How do i pay you with the pay pal account? Im not to familar with it.... thank you!:sly:


----------



## PLAYED TT (Oct 17, 2010)

michealtheworm said:


> How do i pay you with the pay pal account? Im not to familar with it.... thank you!:sly:


Read this


----------



## RabbitGTDguy (Jul 9, 2002)

Sending my payment now...almost forgot!

Joe


----------



## exboy99 (May 14, 2002)

hey... you got my payment right? I sent it on the 16th.

I didn't add myself to the list but figured you'd get the idea when you got my $$


----------



## Neb (Jan 25, 2005)

exboy99 said:


> hey... you got my payment right? I sent it on the 16th.
> 
> I didn't add myself to the list but figured you'd get the idea when you got my $$


got yours :beer:


----------



## Neb (Jan 25, 2005)

Also,

Whomever is Seth Stambaugh (seth_3515?) I have no address for you, just your payment. Please confirm.


----------



## Neb (Jan 25, 2005)

This is the final list (from page 1).

Please confirm all names/paid are good.

*1. Neb - PAID
2. Tempes_TT - 55362 - PAID
3. seth_3515 - 73701 - PAID
4. TTopless - 60062 - PAID
5. Morio - 78619 (2 copies) - PAID
6. ttwsm - 55405 - PAID
7. DeckManDubs - 01330 - PAID
8. RabbitGTDguy - 14905 - PAID
9. darrenbyrnes - 55417 - PAID
10. Lurkertom - 98632 - PAID
11. michealtheworm - 32055 - PAID
12. DeepblueT - 17555 (2 copies) - PAID
13. exboy99 - 11790 - PAID
14. PLAYED TT - PAID
15. GTI_22_VR6 - 17517 - (2 copies) - PAID
*


----------



## Neb (Jan 25, 2005)

Calendars have been ordered! I should have a proof by end of day today. Hopefully they'll be in the mail by Friday


----------



## PLAYED TT (Oct 17, 2010)

Like


----------



## Neb (Jan 25, 2005)

Neb said:


> Calendars have been ordered! I should have a proof by end of day today. Hopefully they'll be in the mail by Friday


Proof was really nice. Will have them all by Friday noon


----------



## Tempes_TT (Oct 24, 2010)

Neb said:


> Proof was really nice. Will have them all by Friday noon


Wooo!
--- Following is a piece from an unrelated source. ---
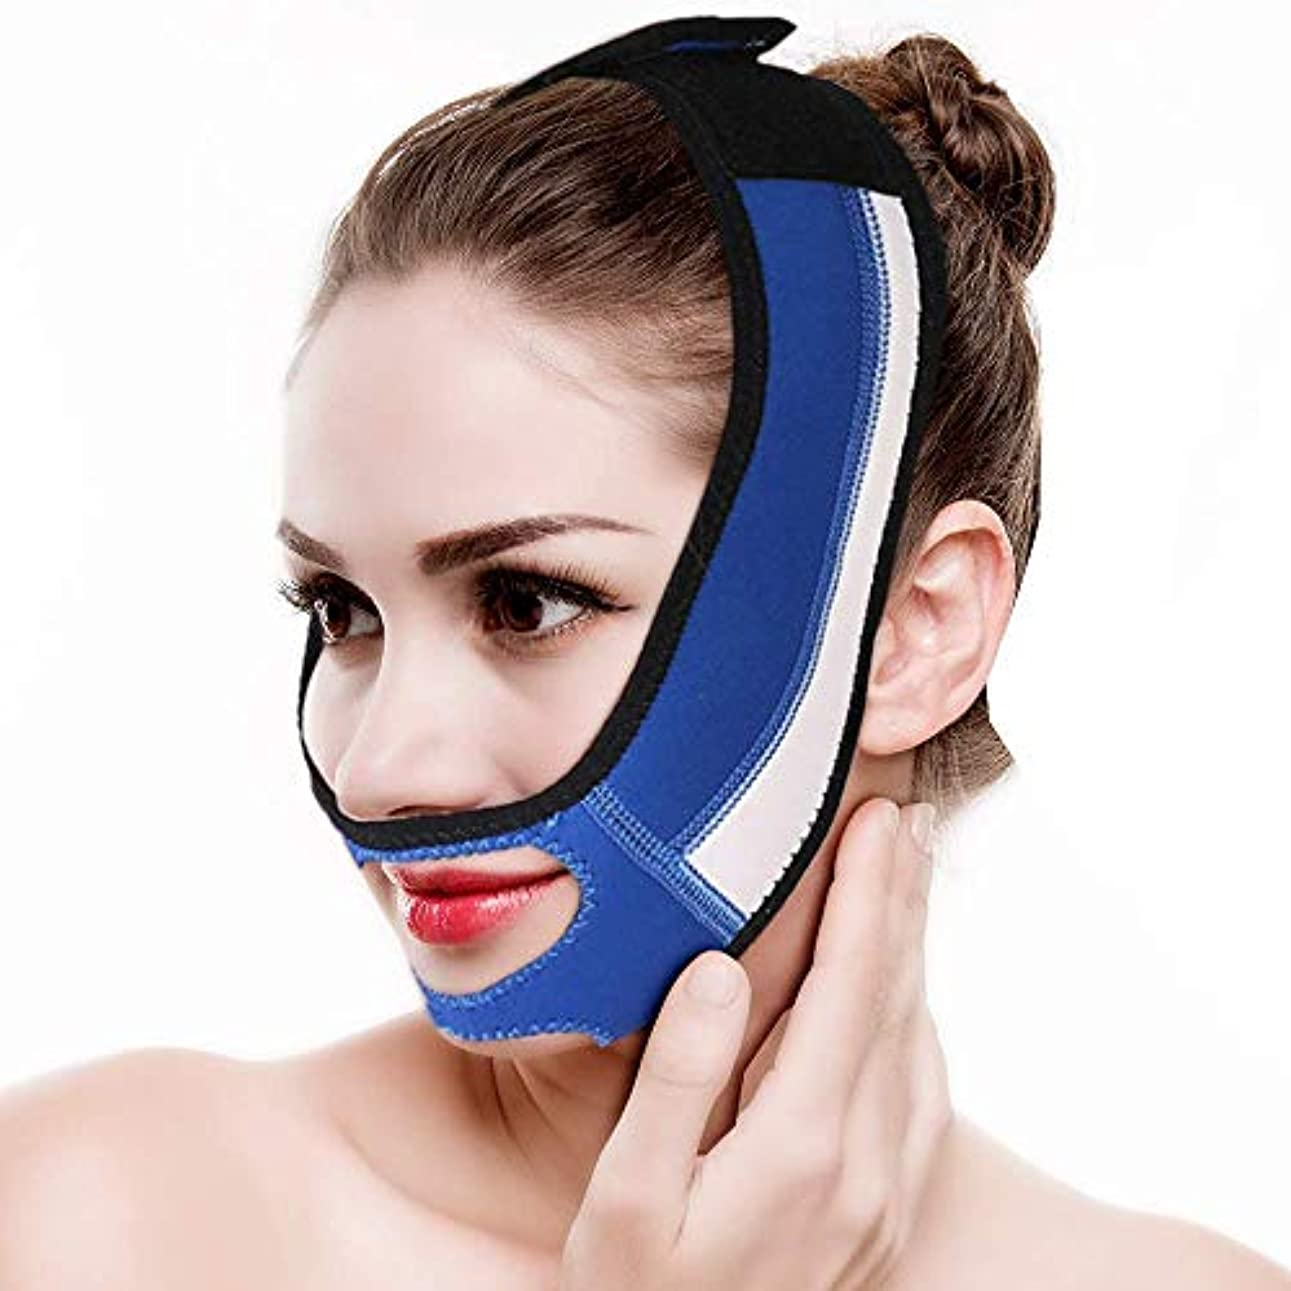 パンツ偶然壊滅的なVフェイススリミングチークマスク、フェイススリム睡眠のためのストラップベルトを引っ張る口リラクゼーションを削除するスキン包帯二重あごを締め持ち上げ
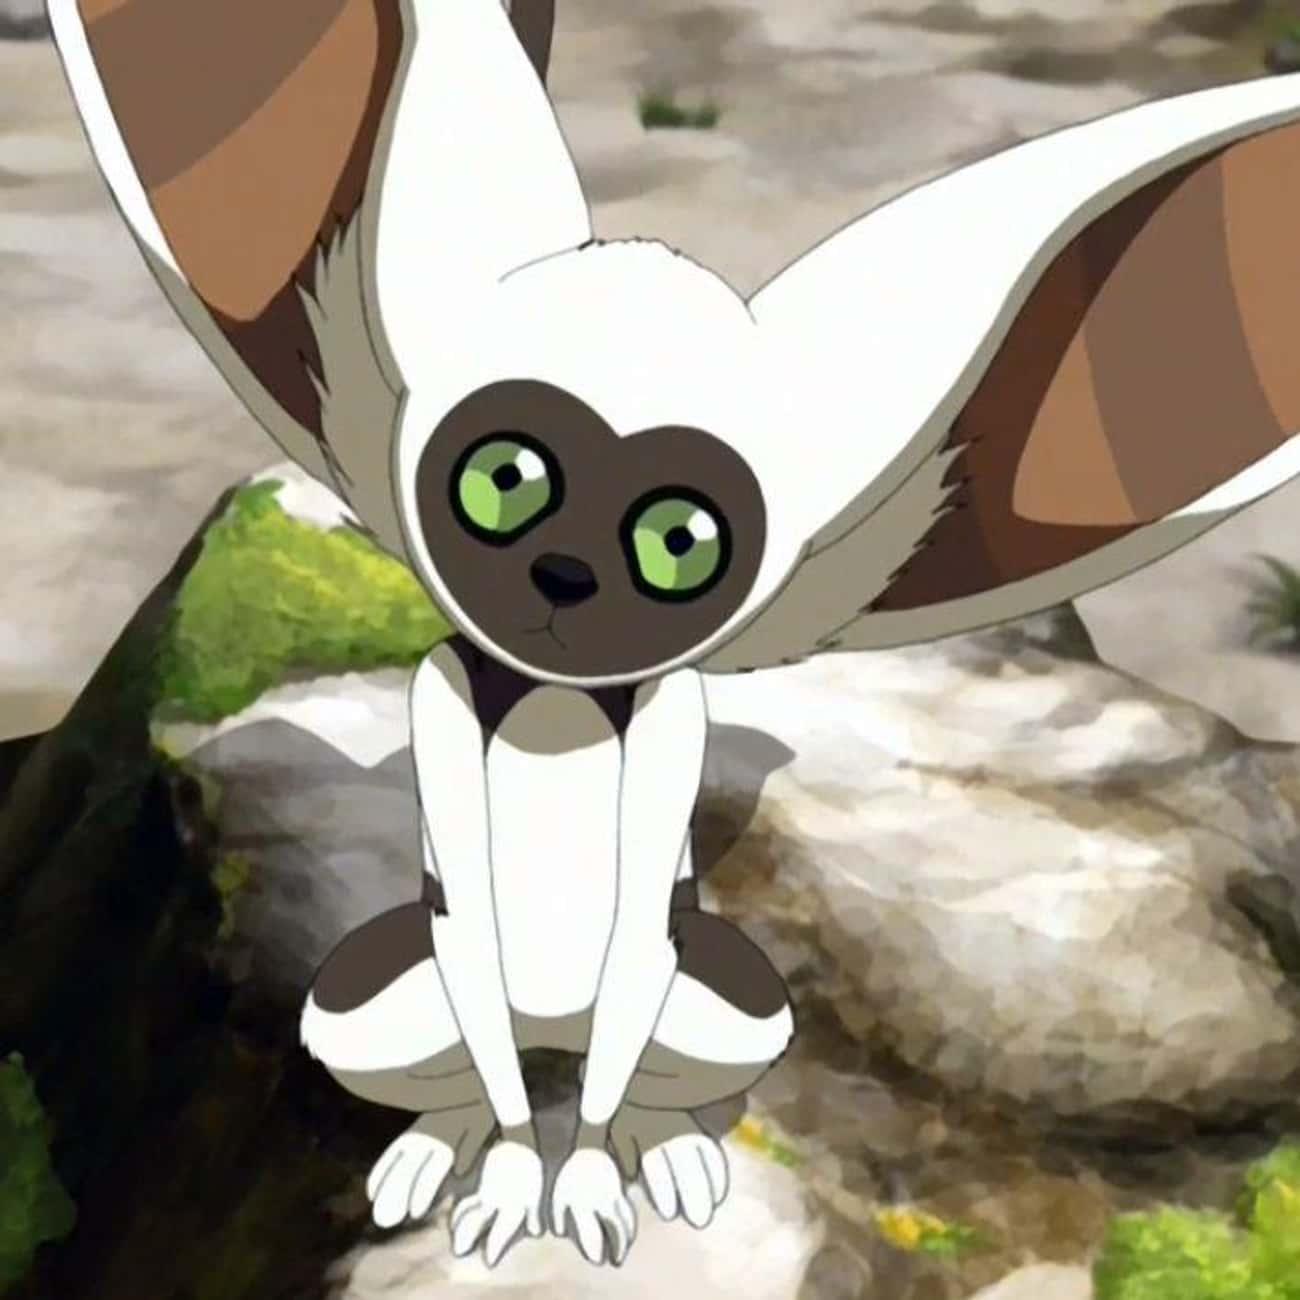 Momo Is an Incarnation of Aye-Aye, the Lemur Spirit

Excited!


----------



## PLAYED TT (Oct 17, 2010)

Sweet


----------



## Neb (Jan 25, 2005)

Calendars are in the mail!


----------



## Imola_TT (Aug 21, 2011)

Yea!


----------



## TheDeckMan (Sep 26, 2004)

:beer:


----------



## Morio (Feb 16, 1999)

Neb said:


> Calendars are in the mail!


Damn you work fast!!!!


----------



## PLAYED TT (Oct 17, 2010)

Neb said:


> Calendars are in the mail!


Aw yeah


----------



## Converted2VW (Apr 8, 2009)

Nice job guys! This looks like professional shizz!


----------



## Imola_TT (Aug 21, 2011)

*I got mine!*

Arrived in today's mail...it looks fabulous!
Thanks, Ben and to everyone that contributed
:wave:


----------



## PLAYED TT (Oct 17, 2010)

I'm excited to go home Friday now


----------



## taverncustoms (Feb 18, 2011)

no engine shots


----------



## Morio (Feb 16, 1999)

Mine arrived today!!!Thanks!!:beer:


----------



## darrenbyrnes (Jan 4, 2005)

Got mine yesterday and showed it to my 19 yo daughter. She said, "Huh, nice. Say isn't that YOUR car in there?"

Me, "Uh, yeah."

"COOL."

Well done on the calendar!

:beer::beer::beer:


----------



## Neb (Jan 25, 2005)

taverncustoms said:


> no engine shots


no one posted an engine shot = no engine shots 

Glad they're hitting the doorsteps. :heart:


----------



## RabbitGTDguy (Jul 9, 2002)

Anxiously awaiting the arrival of mine! Maybe tomorrow!

Joe


----------



## Tempes_TT (Oct 24, 2010)

Got mine today in the mail! Looks awesome! Pages are a little flimsy hanging on my wall, but dang man, it was a job well done!


----------



## PLAYED TT (Oct 17, 2010)

Got mine today. Great job Ben and thanks to the mystery giver:thumbup:


----------



## TheDeckMan (Sep 26, 2004)

Got mine today, looks great!


----------



## deepblueT (Jan 26, 2008)

received my copies yesterday! awesome. can't wait to hang em in one in my new office!:thumbup:


----------



## RabbitGTDguy (Jul 9, 2002)

Still waiting on mine  sent you a PM just to make sure there wasn't a problem.

Joe


----------



## Neb (Jan 25, 2005)

replied. Maybe just slow going across the border? Should be there this week for sure.


----------



## exboy99 (May 14, 2002)

got mine.... it's awesome.


----------



## ian c - U.K. (Nov 22, 2001)

not been around for a while .
am i too late to buy one ??


----------



## PLAYED TT (Oct 17, 2010)

Your best bet is to pm Ben


----------



## Neb (Jan 25, 2005)

I think I've got an extra. or can get you one made. pm me with info.


----------